▸ Information given
__________

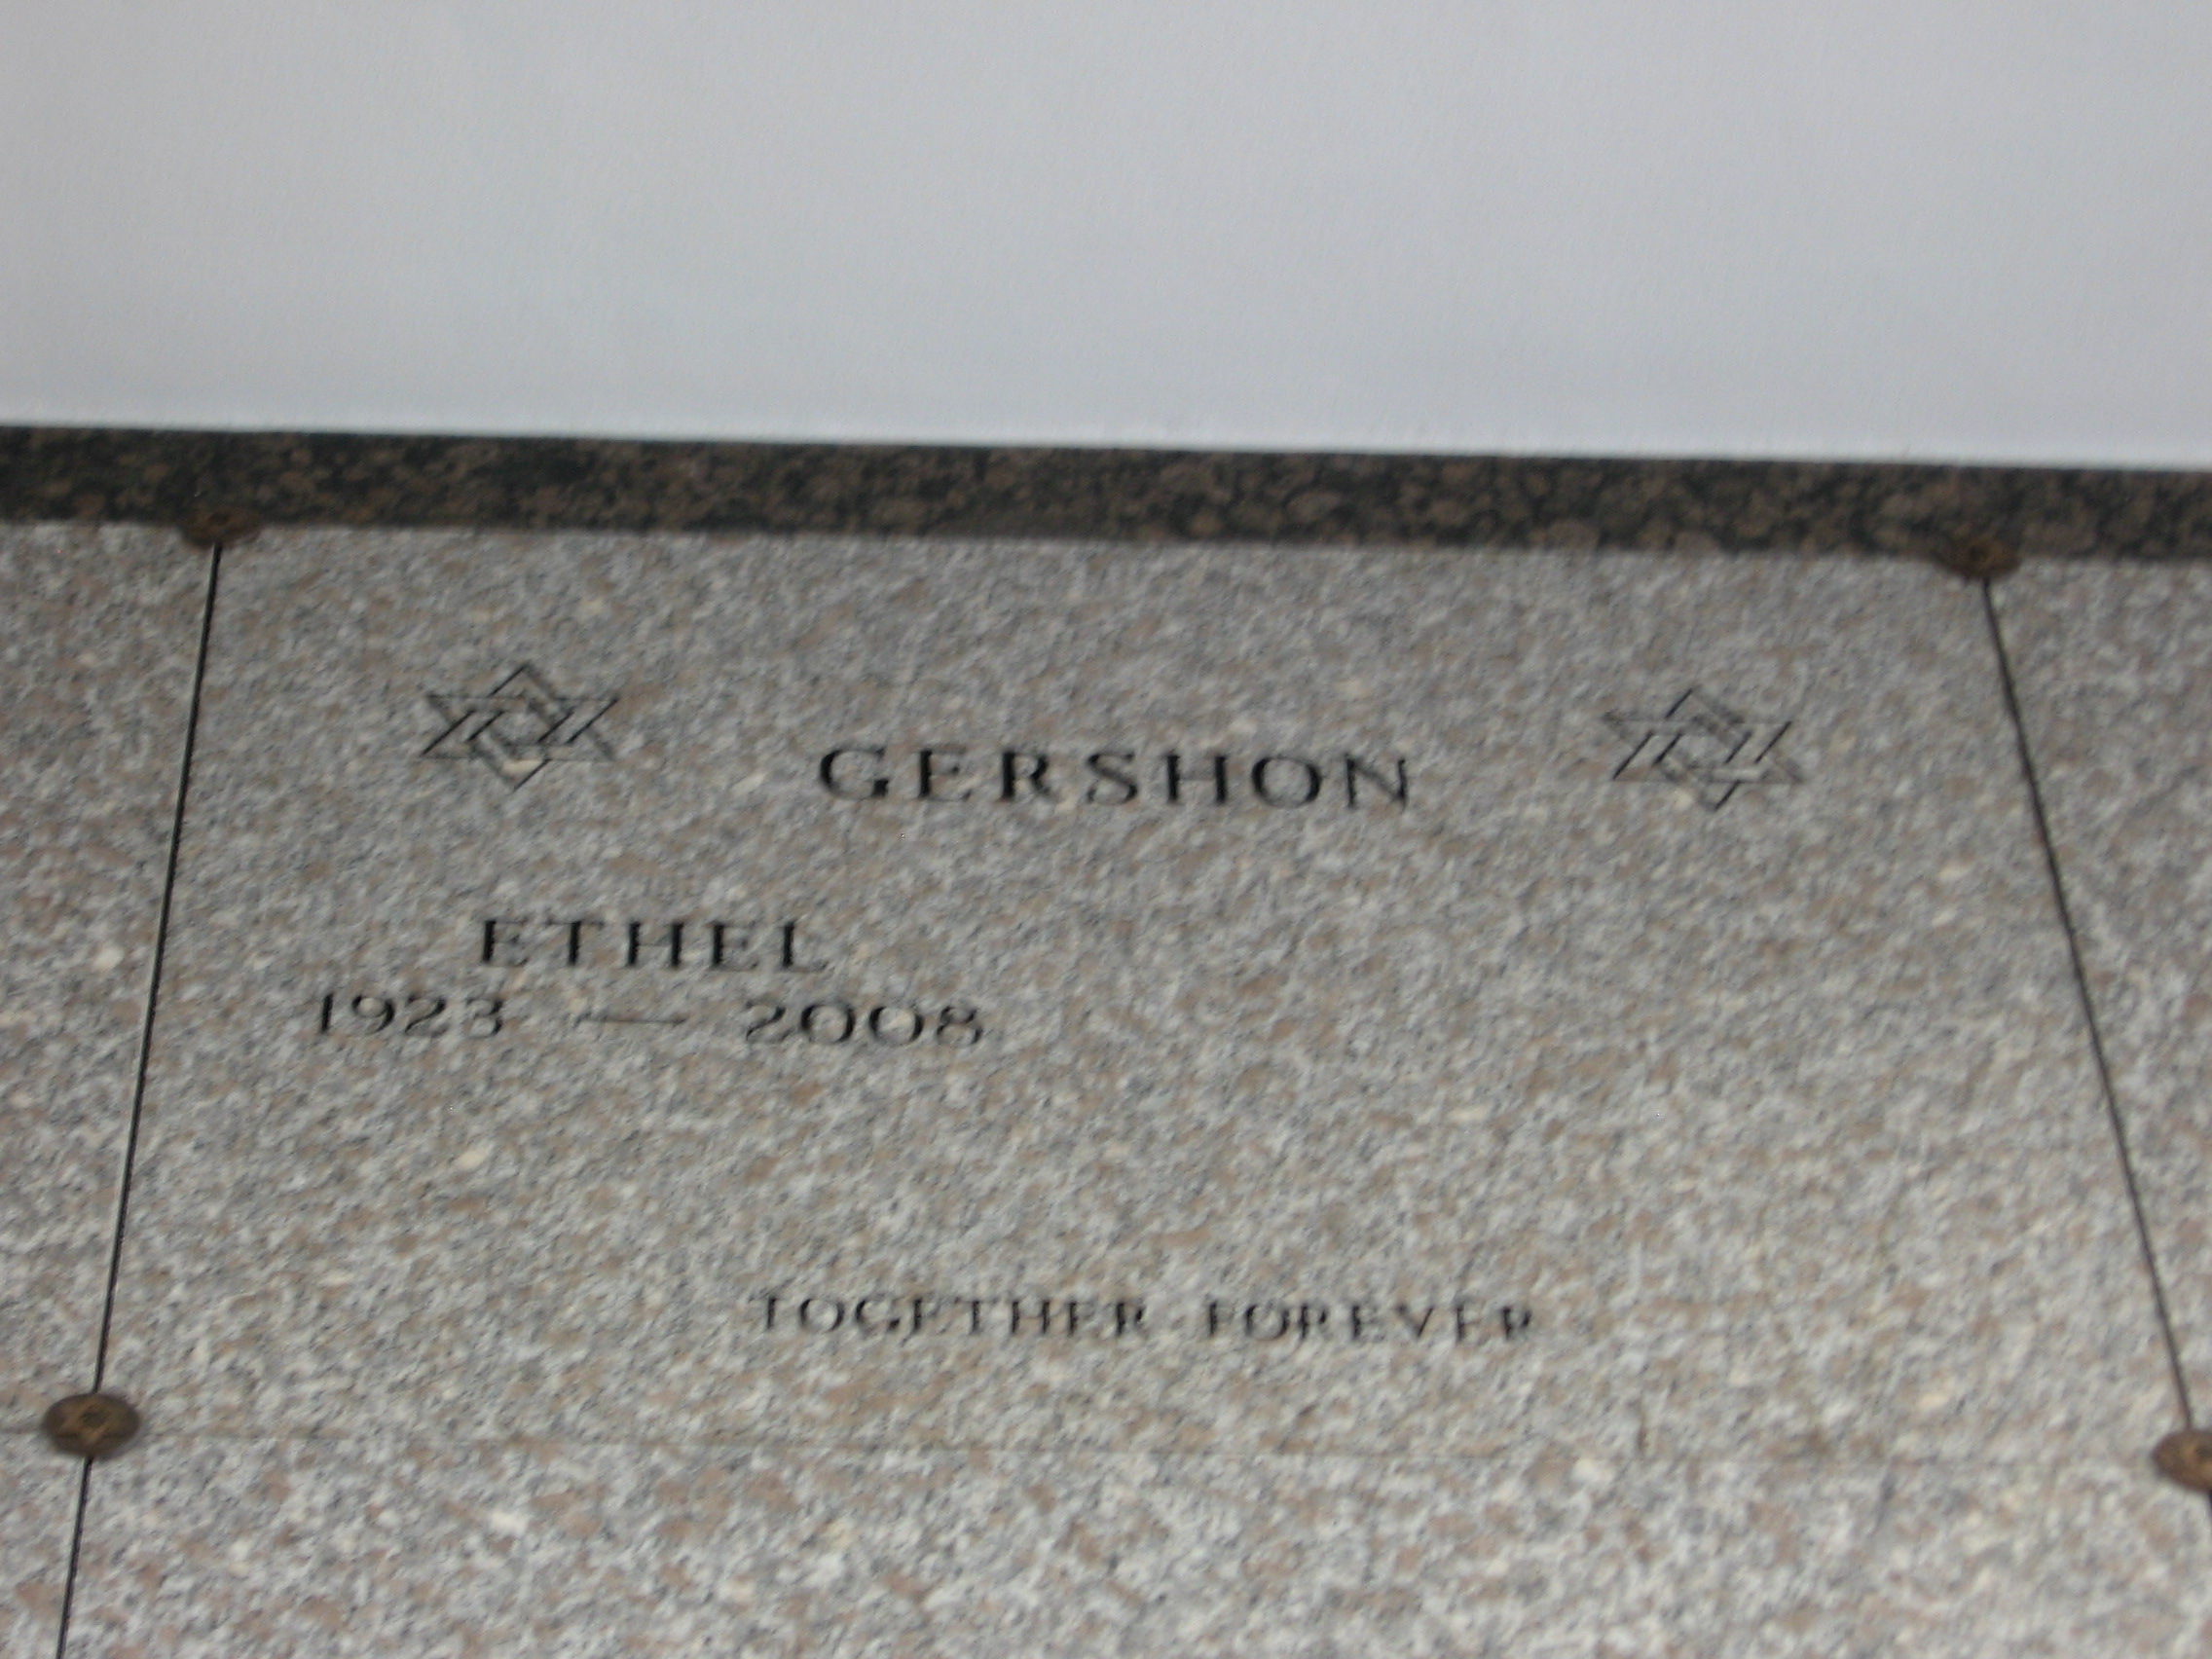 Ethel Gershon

__________

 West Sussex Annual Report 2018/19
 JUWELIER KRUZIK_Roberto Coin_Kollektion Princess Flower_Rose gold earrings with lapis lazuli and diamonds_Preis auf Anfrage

__________

An exact copy of the lines above, from the one containing "West Sussex Annual Report 2018/19" through the one containing "JUWELIER KRUZIK_Roberto Coin_Kollektion", is the whole of the answer.

 West Sussex Annual Report 2018/19
 JUWELIER KRUZIK_Roberto Coin_Kollektion Princess Flower_Rose gold earrings with lapis lazuli and diamonds_Preis auf Anfrage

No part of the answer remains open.